> [Work order]
Copy out each entry below verbatim, skipping the images.
····················
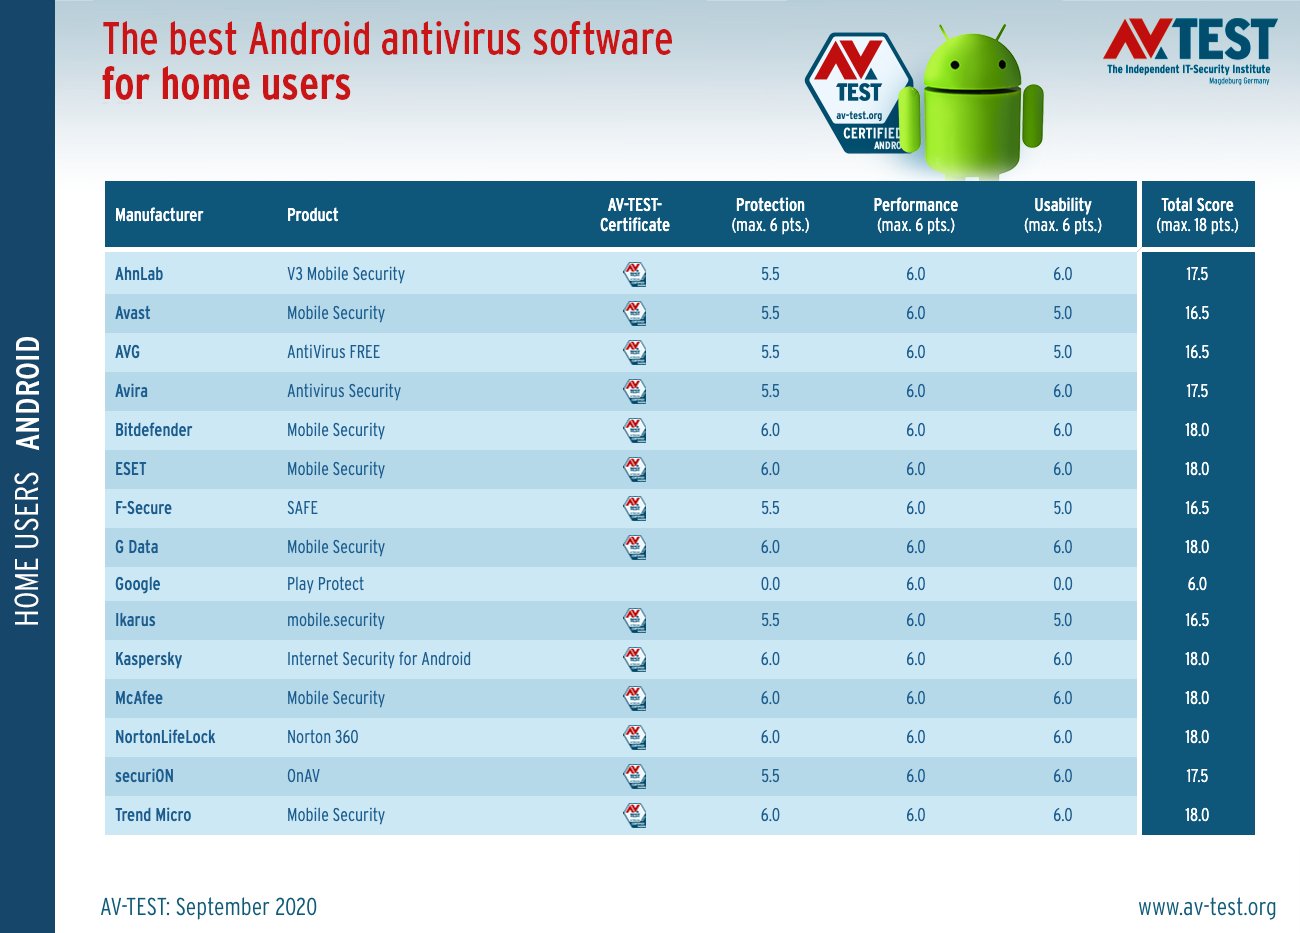 ¿Qué antivirus es el mejor para Android?
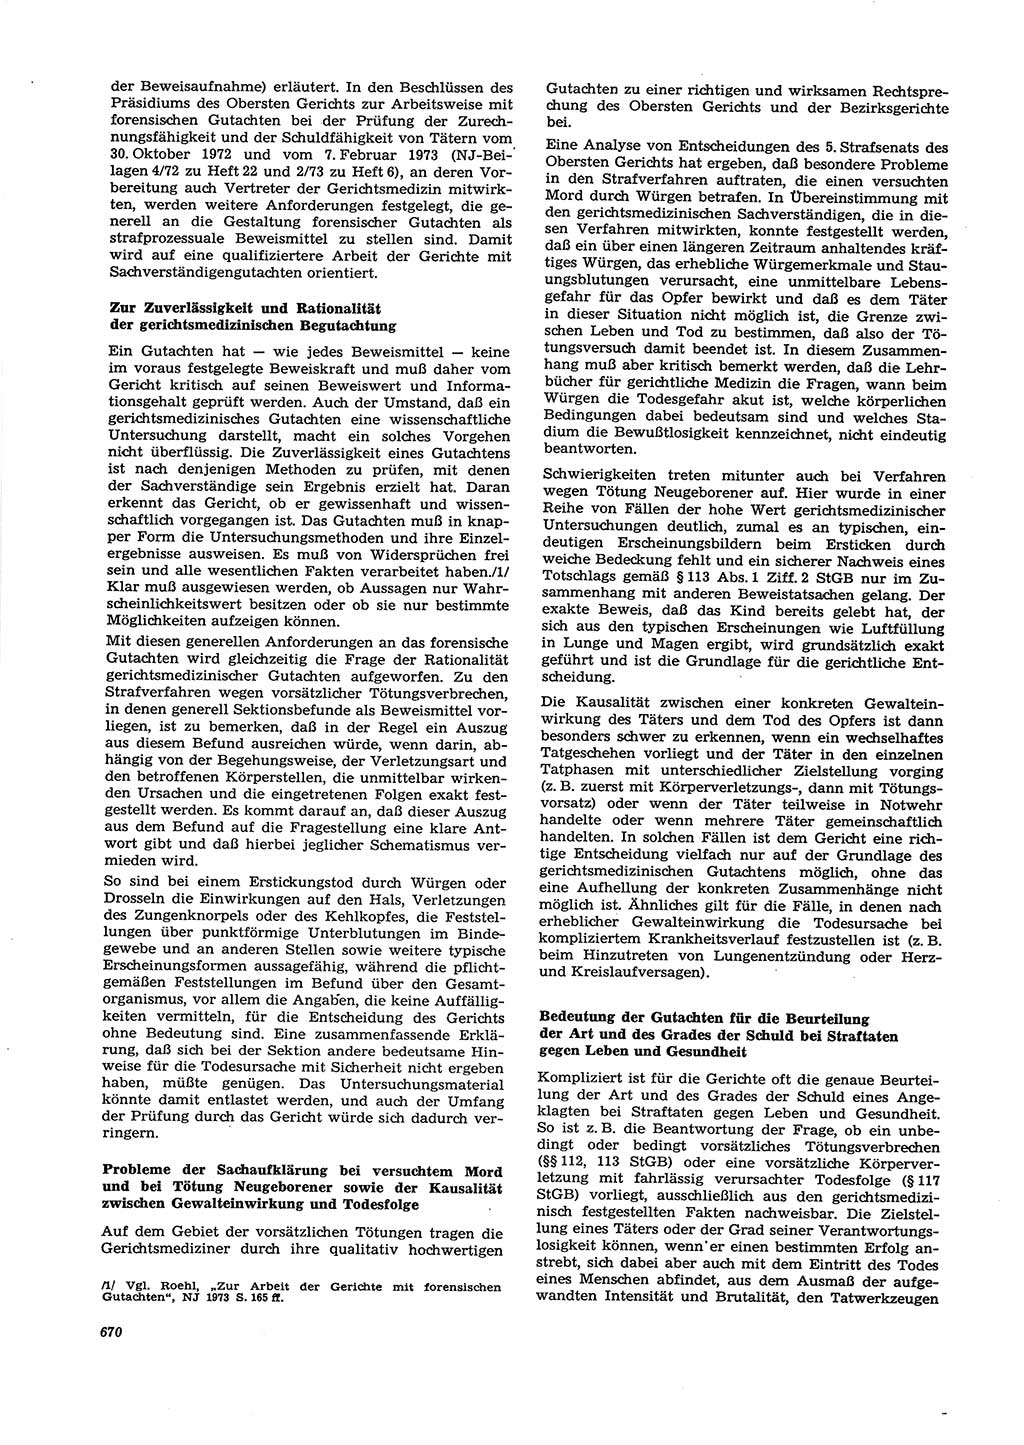 Neue Justiz (NJ), Zeitschrift für Recht und Rechtswissenschaft [Deutsche Demokratische Republik (DDR)], 27. Jahrgang 1973, Seite 670 (NJ DDR 1973, S. 670)
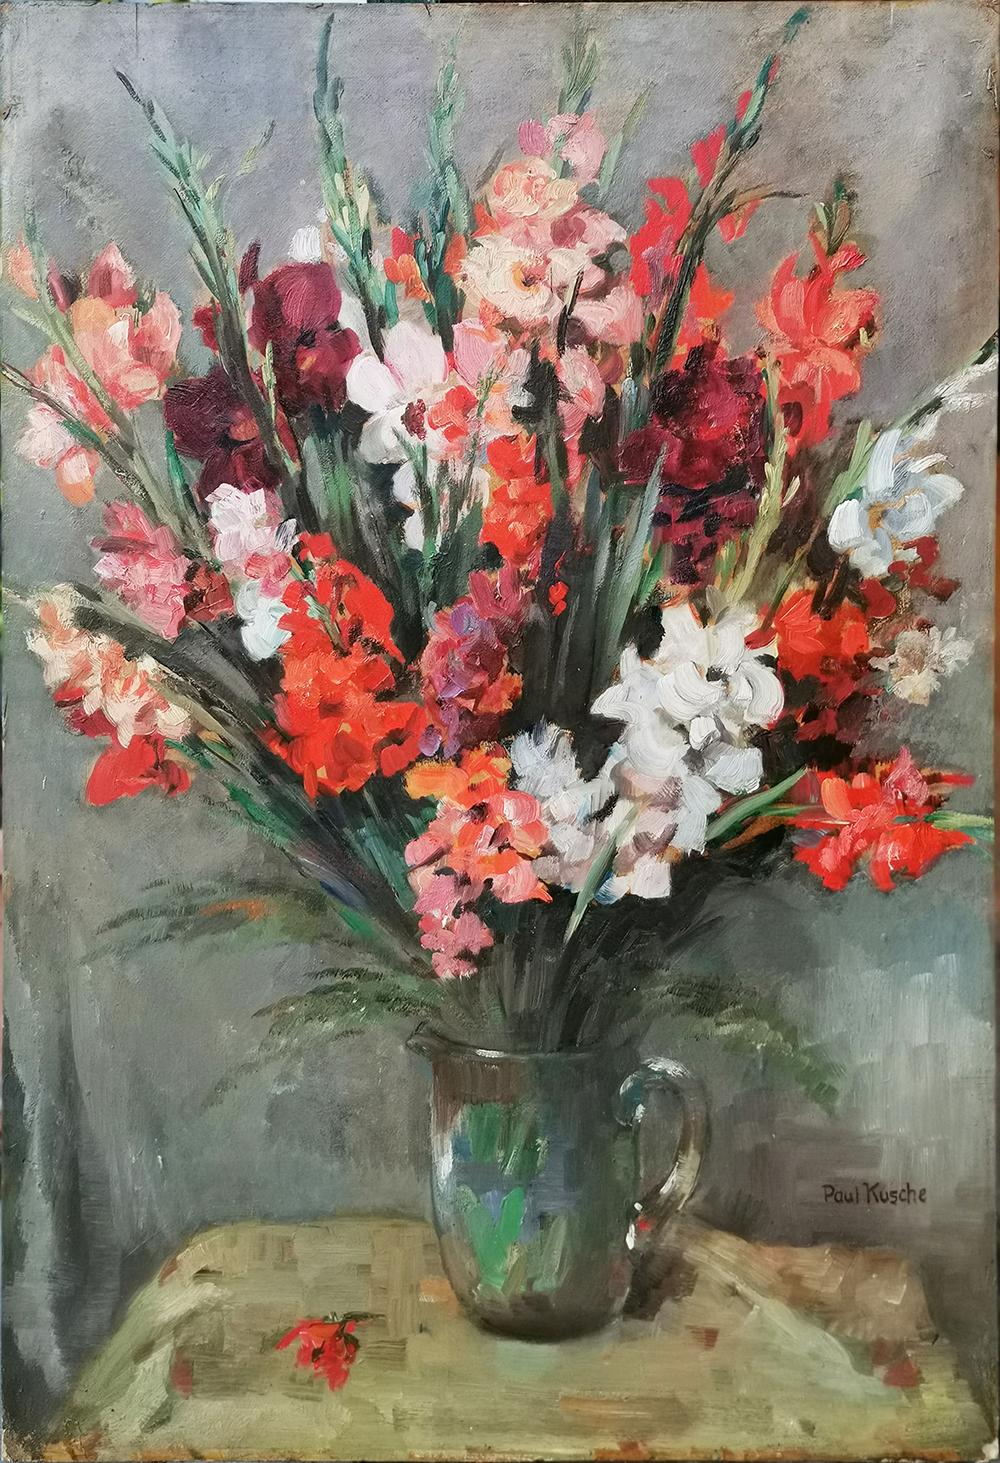 Kusche, Paul (1882-1952), vase à fleurs avec glaïeuls
Mesures :
100 cm x 70 cm (sans cadre)
39,4 po x 27,6 po (sans cadre)
huile sur carton, 1920

Peinture ancienne représentant une composition florale avec des glaïeuls rouges, roses et
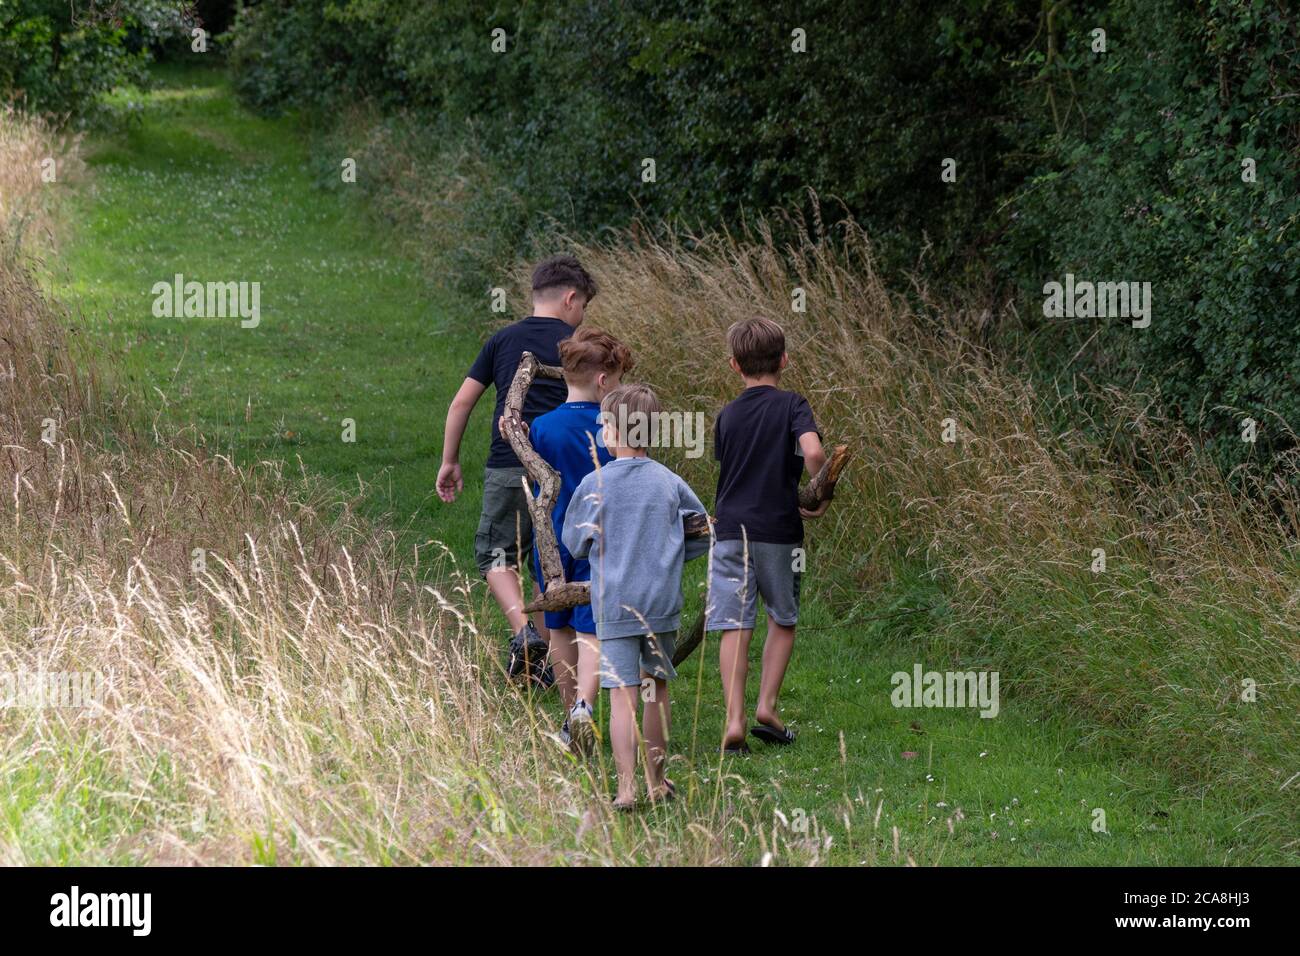 Quattro ragazzi in gioco, con un grande ramo, in estate in un parco di campagna, Regno Unito Foto Stock
····················
> [Result of this task]
 ¿Qué antivirus es el mejor para Android?
 Neue Justiz (NJ), Zeitschrift für Recht und Rechtswissenschaft [Deutsche Demokratische Republik (DDR)], 27. Jahrgang 1973, Seite 670 (NJ DDR 1973, S. 670)
 Kusche, Paul (1882-1952), vase à fleurs avec glaïeuls
Mesures :
100 cm x 70 cm (sans cadre)
39,4 po x 27,6 po (sans cadre)
huile sur carton, 1920

Peinture ancienne représentant une composition florale avec des glaïeuls rouges, roses et
 Quattro ragazzi in gioco, con un grande ramo, in estate in un parco di campagna, Regno Unito Foto Stock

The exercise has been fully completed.